Hopes of finding a New World were inextricably connected with expectations of a new Golden Age, but the gold found turned out to be the more earthly kind.
Much has been made of Columbus’s connections with the Knights Templar. He was married to a daughter of a former Grand Master of the Knights of Christ, a Portuguese order that had grown up after the Templars had been driven underground. It’s been noted as significant that Columbus navigated ships whose sails carried the distinctive red cross ‘patte’ of the Templars. But the reality is that the Knights of Christ did not pursue the same independent commerce with the spirit worlds that had pushed the Papacy to such desperate measures in the case of the Templars. As with other later crypto-Templar orders such as the Knights of Malta, Rome was here adopting the powerfully glamorous mystique of the original Knights Templar, and using it for its own purposes.
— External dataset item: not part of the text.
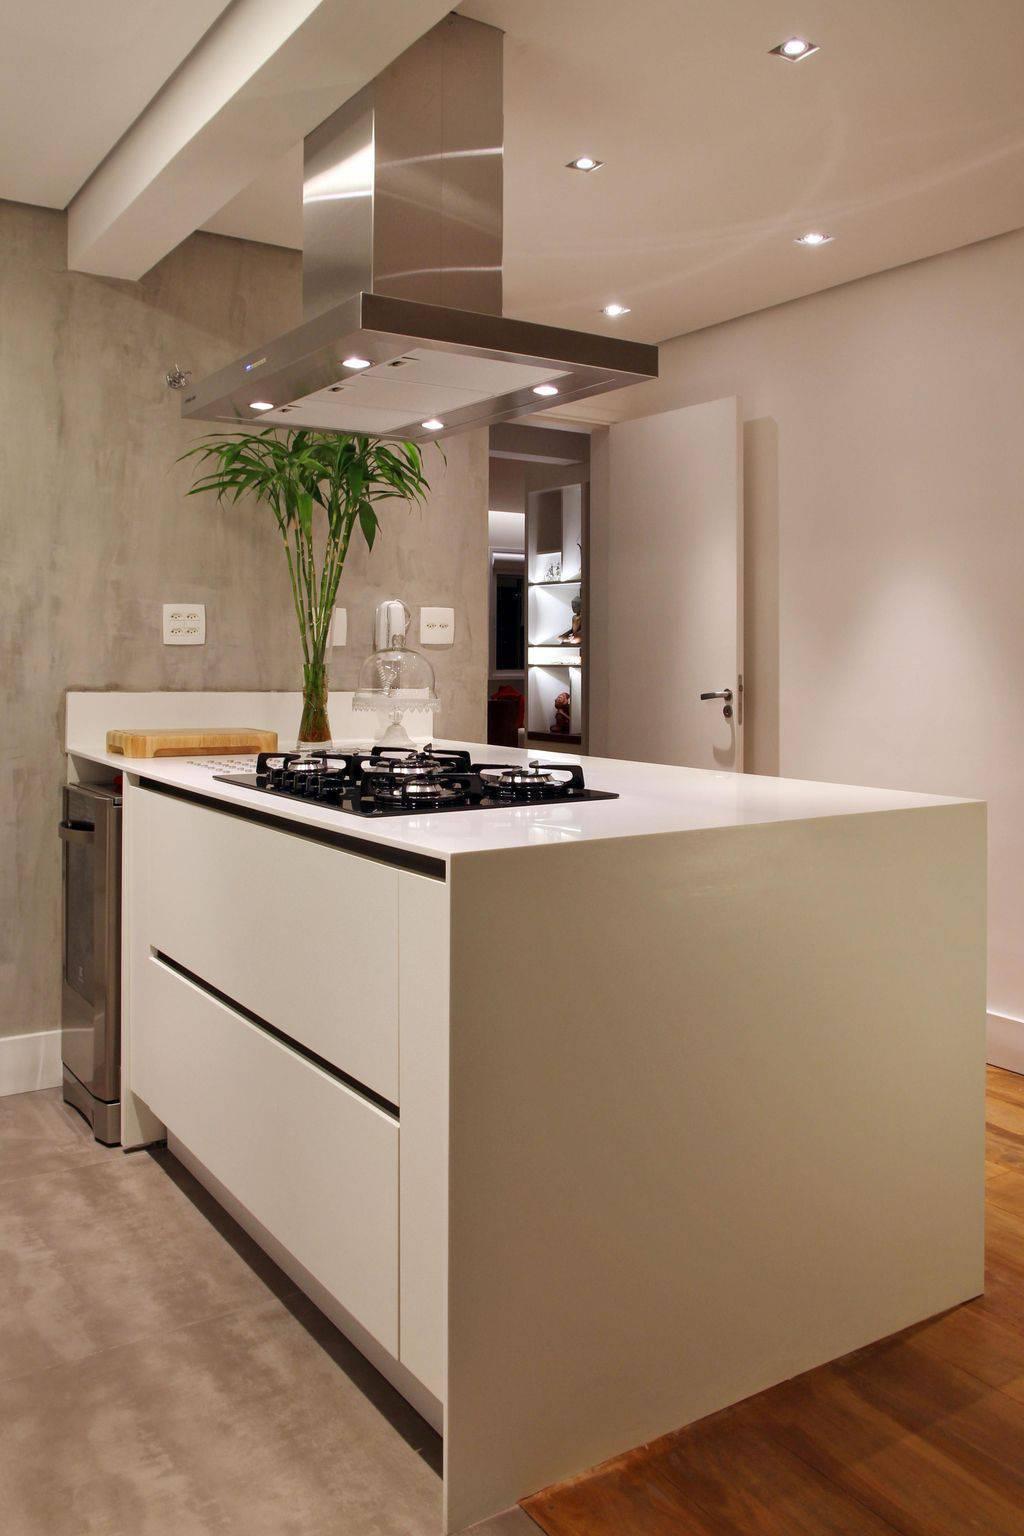 cozinha planejada com cooktop dw andrea k diaferia ornare 21197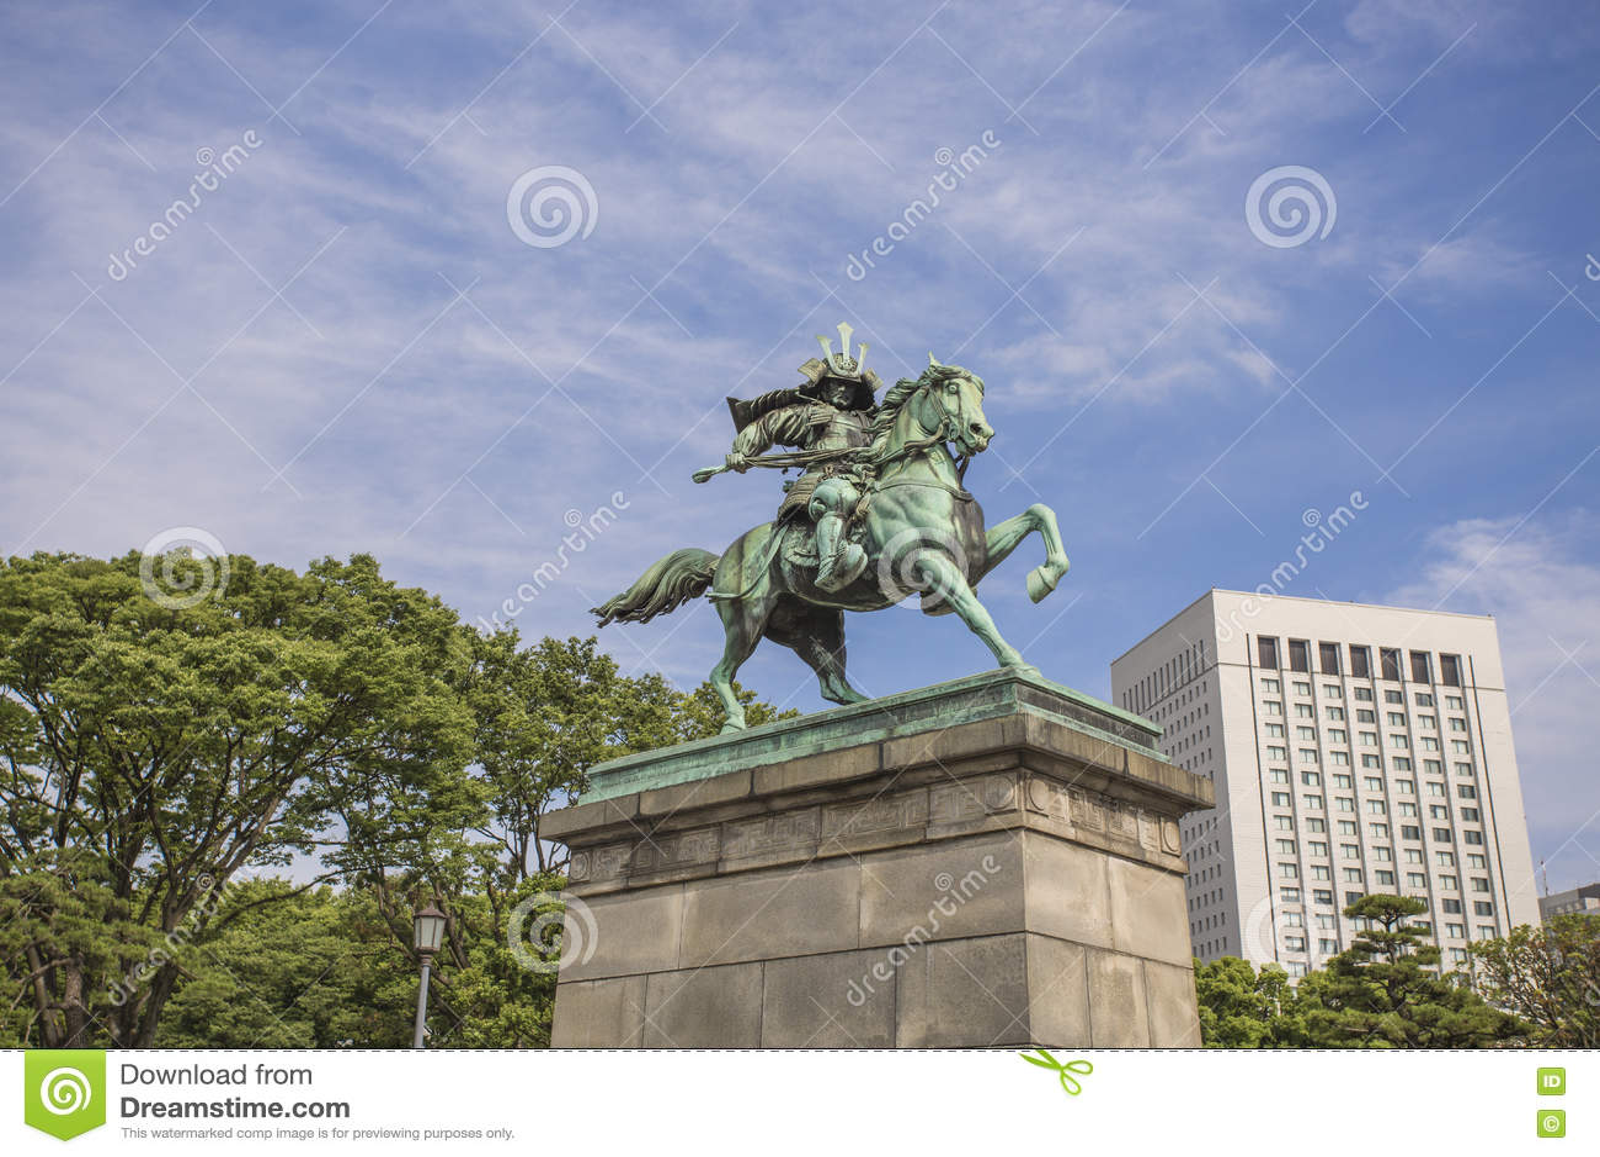 Statue der großen Samurais Kusunoki Masashige im Ost-Garde

Columbus wrote to Queen Isabella expressing hope that he would find a ‘barrel of gold’ that would finance the reconquest of Jerusalem, just as she and her husband, Ferdinand, had recently managed the reconquest of Granada, bringing Spain back to the Church. Columbus did not know that that gold would be needed to fund a war against an enemy nearer home and fast growing in strength — an enemy with much greater claims to be called the spiritual heir of the Knights Templar.